Friday, April 24, 2009

Australia


- 3 Eberts

This movie, set in 1939, tried to be the Australian Gone with the Wind but it fails on most levels. Like GWTW it was beautifully filmed and epic in scale. GWTW had the burning of Atlanta and Australia had the burning and bombing of Darwin.
The movies were different because the story was so much better in GWTW. The trials and tribulations of Scarlett and Rhett were portrayed so well that they carried the movie. The Civil War served as a great back drop and was well integrated into the sophisticated soap opera.
In Australia the story of Lady Ashley and Drover could not carry the movie. The story should have been interesting and dramatic, but for some reason it wasn't. The tone was more Disney-like than dramatic.
The movies were also different because GWTW, although a better movie was at heart a well done propaganda film supporting an insidious and evil world view. GWTW made in clear that the Southern way of life in the ante-bellum years was beneficial to both the slaves and the slave holders. It portrayed and supported a paternalistic view of society in a romantic way. In the context of the movie, having Big Sam volunteer to dig trenches for the South makes perfect sense. GWTW was also a movie telling the North in 1939 America, not to interfere again in the internal racial policies of the South.
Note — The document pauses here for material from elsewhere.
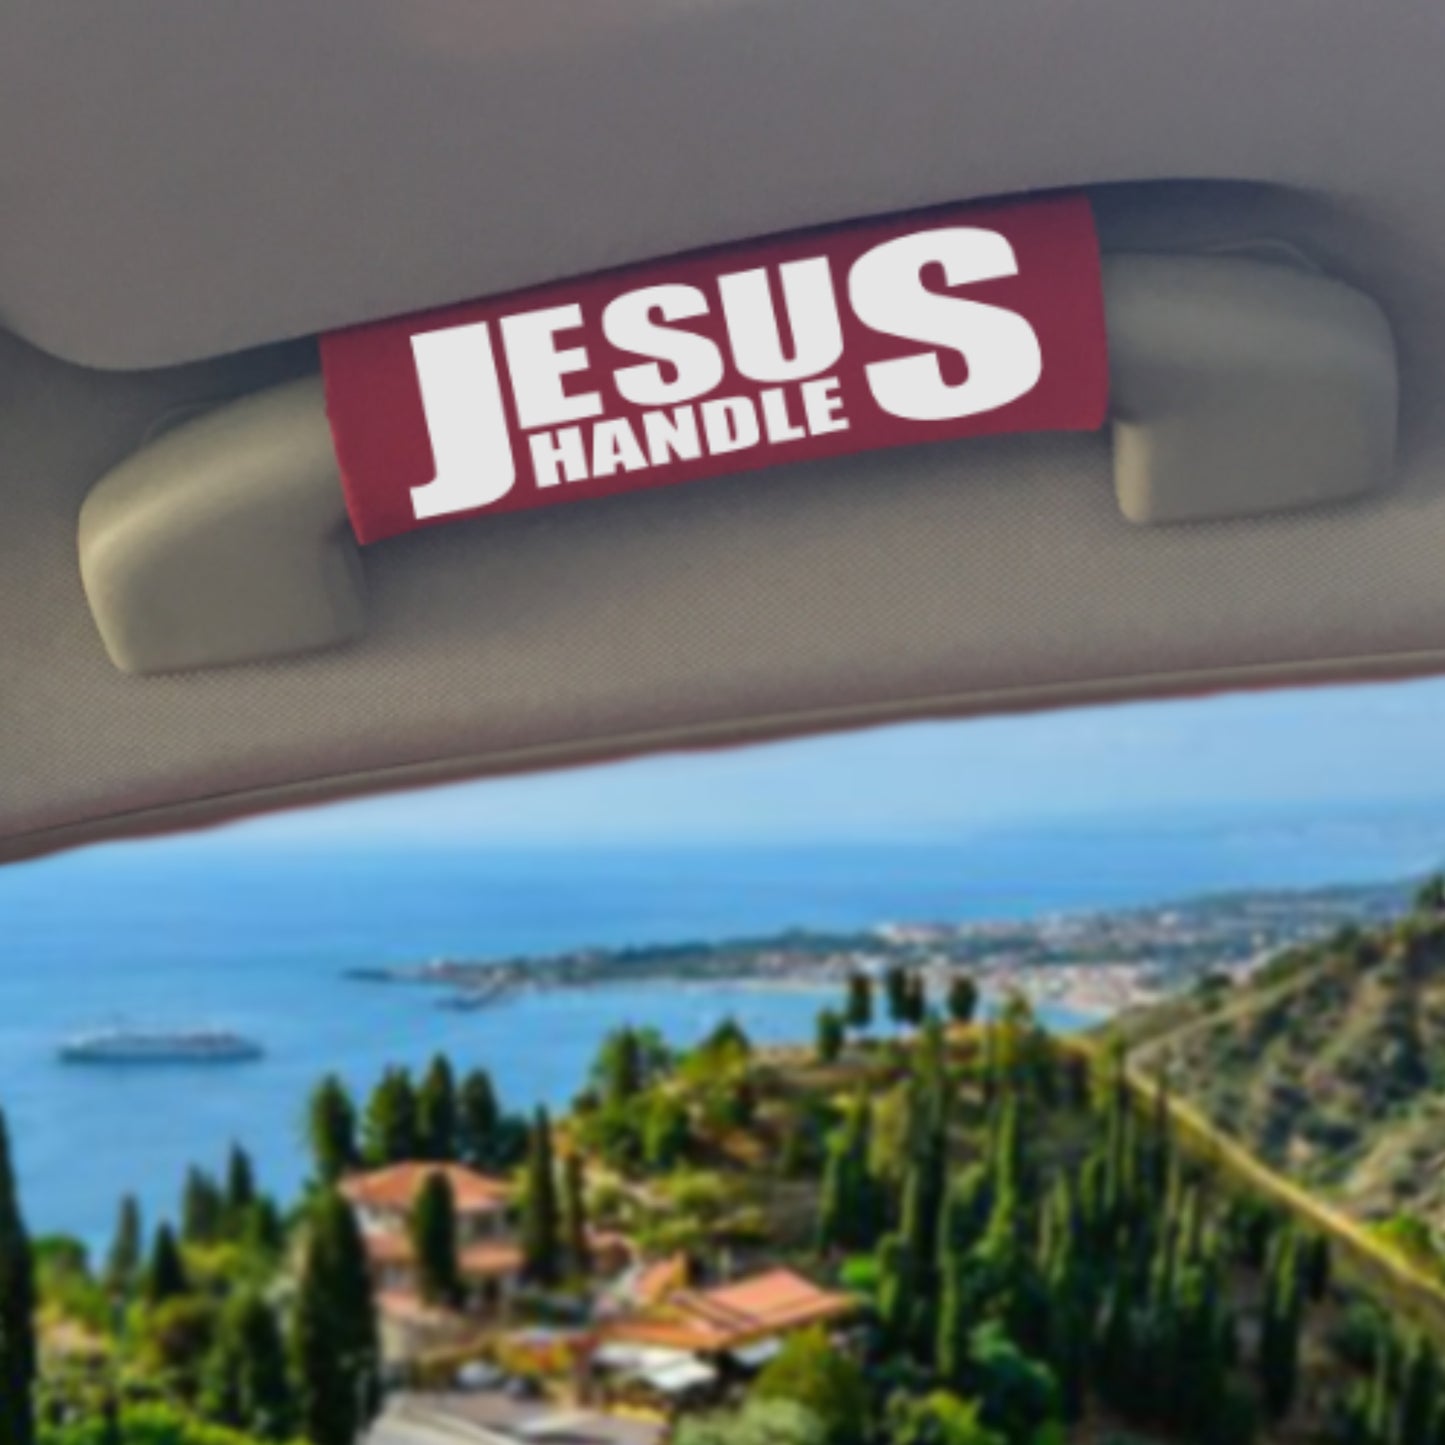 The Jesus Handle.

Australia, on the other hand, supports a world view condemning Australia's past. Drover, who is the hero of the story, had married an Aborigine. He considers his brother-in-law to be his brother. The movie is very strong in its condemnation of Australia's policy of taking mixed race Aborigines from their homes and and trying to turn them into "proper" Australians.
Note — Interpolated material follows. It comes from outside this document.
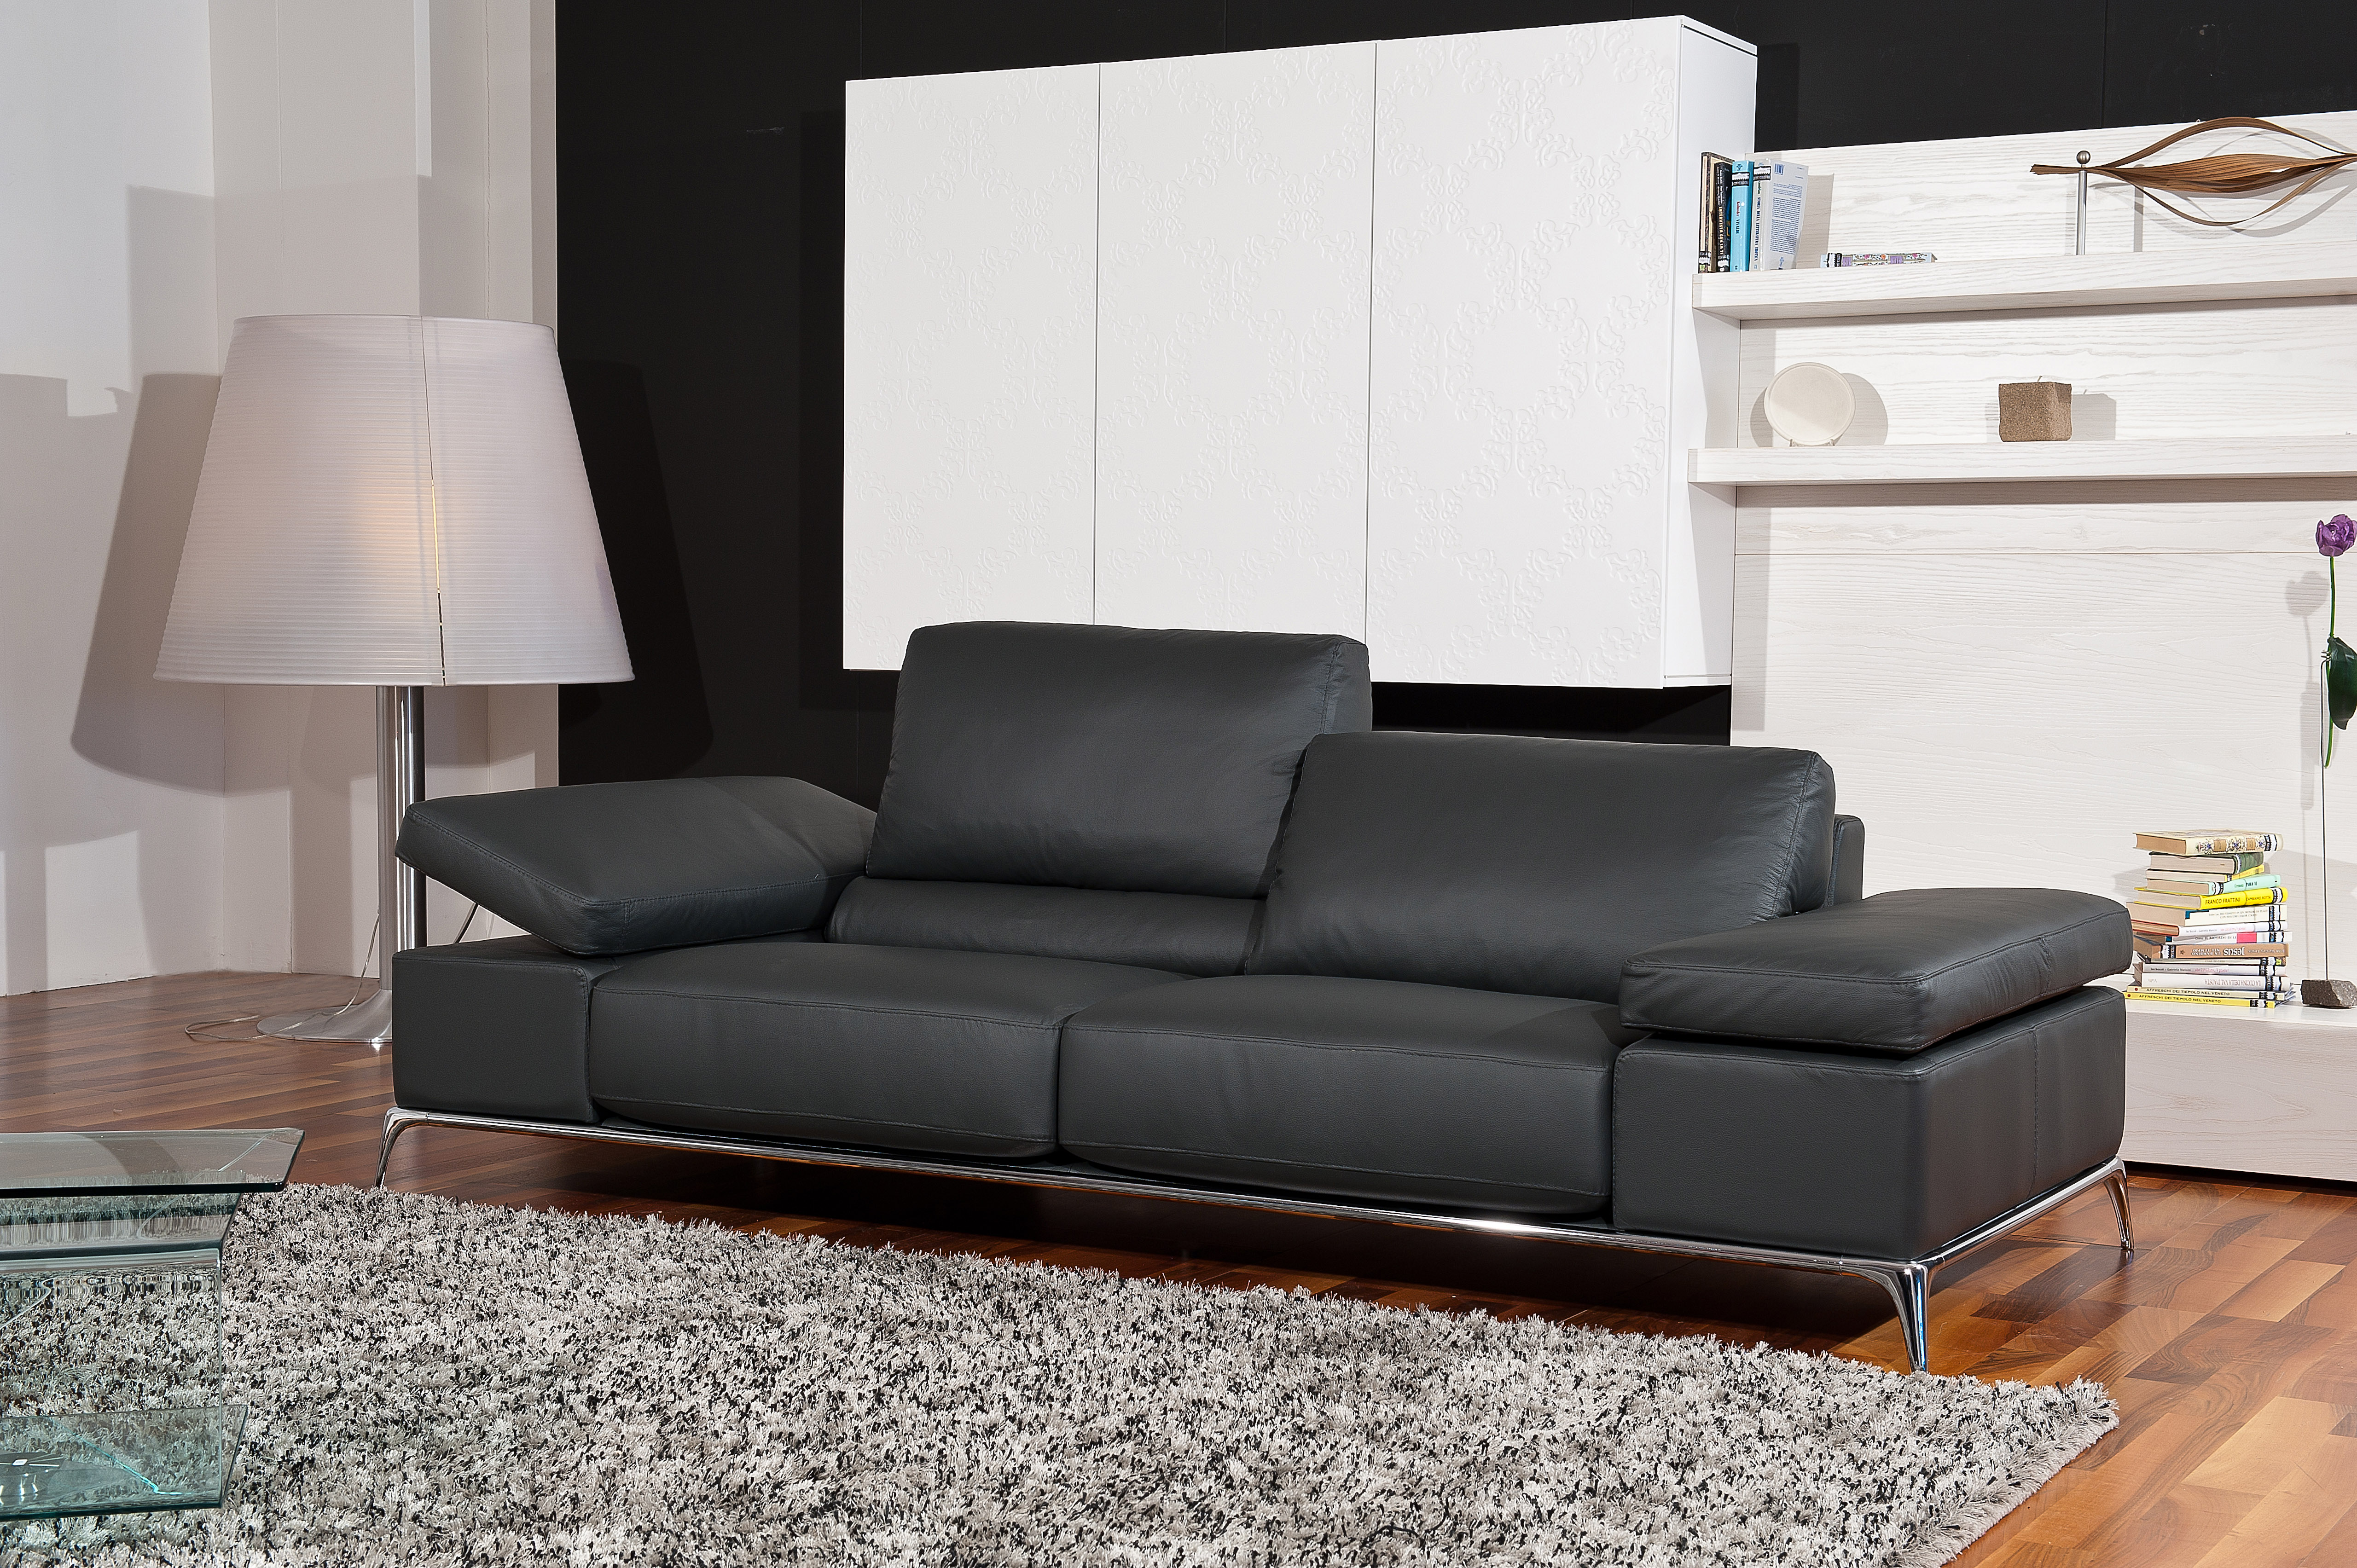 black leather sofa room design ideas

Australia can be looked at as the ant-GWTW. One revels in an evil past and the other abhors it. Australia isn't half the movie GWTW is, but it is by far a more honorable and honest movie.
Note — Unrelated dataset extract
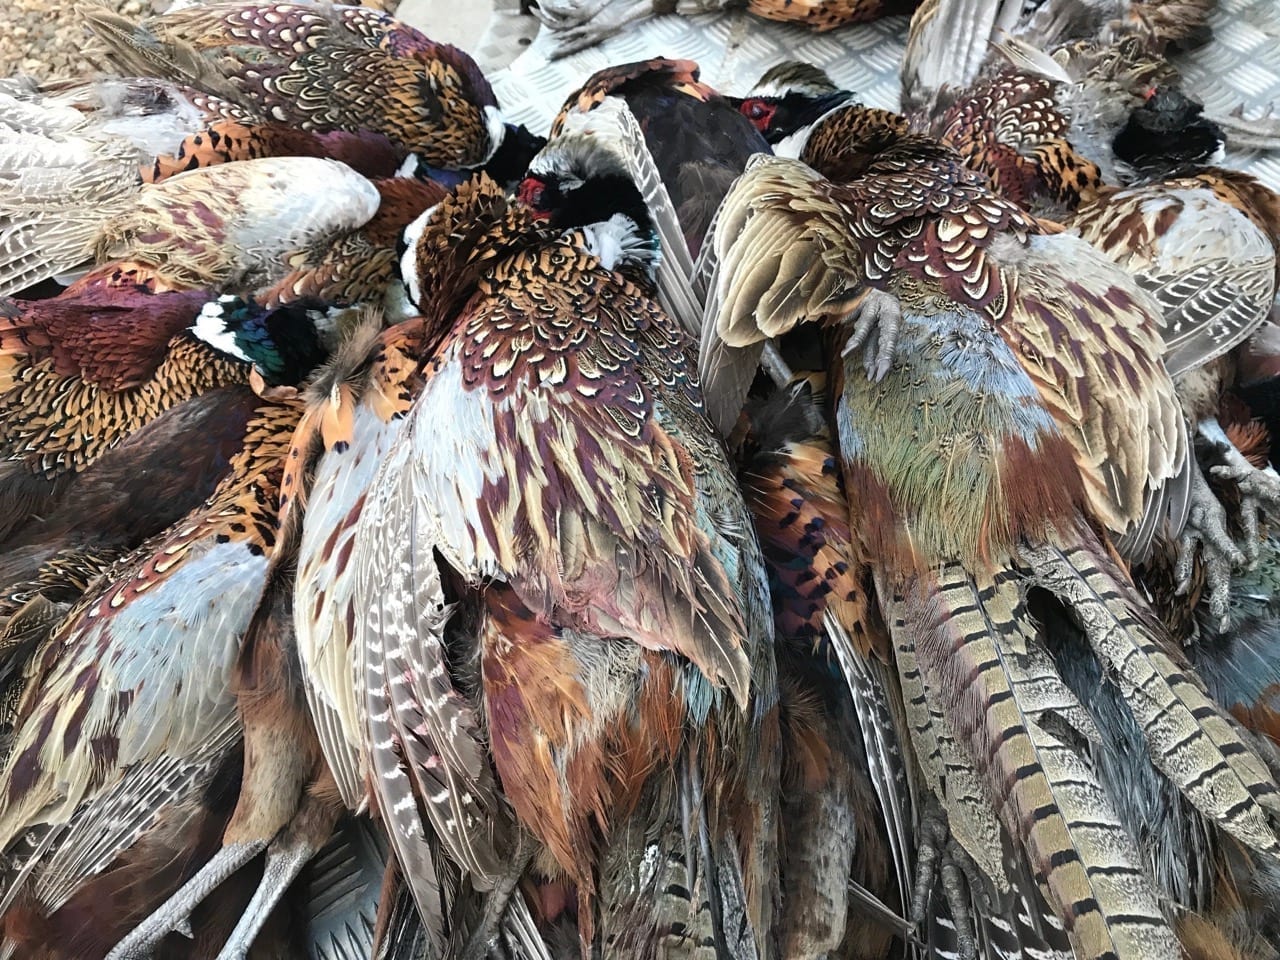 Pheasant hunting guides

Roger had some problems with the movie presenting the Aboriginal people practicing and believing in magic. He said, "Luhrmann is rightly contemptuous of Australia's 're-education' policies; he shows Nullah taking pride in his heritage and paints the white enforcers as the demented racists they were. But Australia also accepts aboriginal mystical powers lock, stock and barrel, and that I think may be condescending."
I know what Roger is saying but I don't agree. The movie is about the aborigine world view and in 1939 they practiced and believed in magic. I think this aspect of the movie is presented in a powerful and beautiful way.
Another thing I found interesting in Australia was the use of another 1939 movie, The Wizard of Oz, as a plot device.
I liked Australia. I think it was a little too long and the main story wasn't presented in a dramatic enough tone. It is definitely worth seeing, even though it could have been much better. I enjoyed the ending. Nullah, like Dorothy, finds out he can go home again.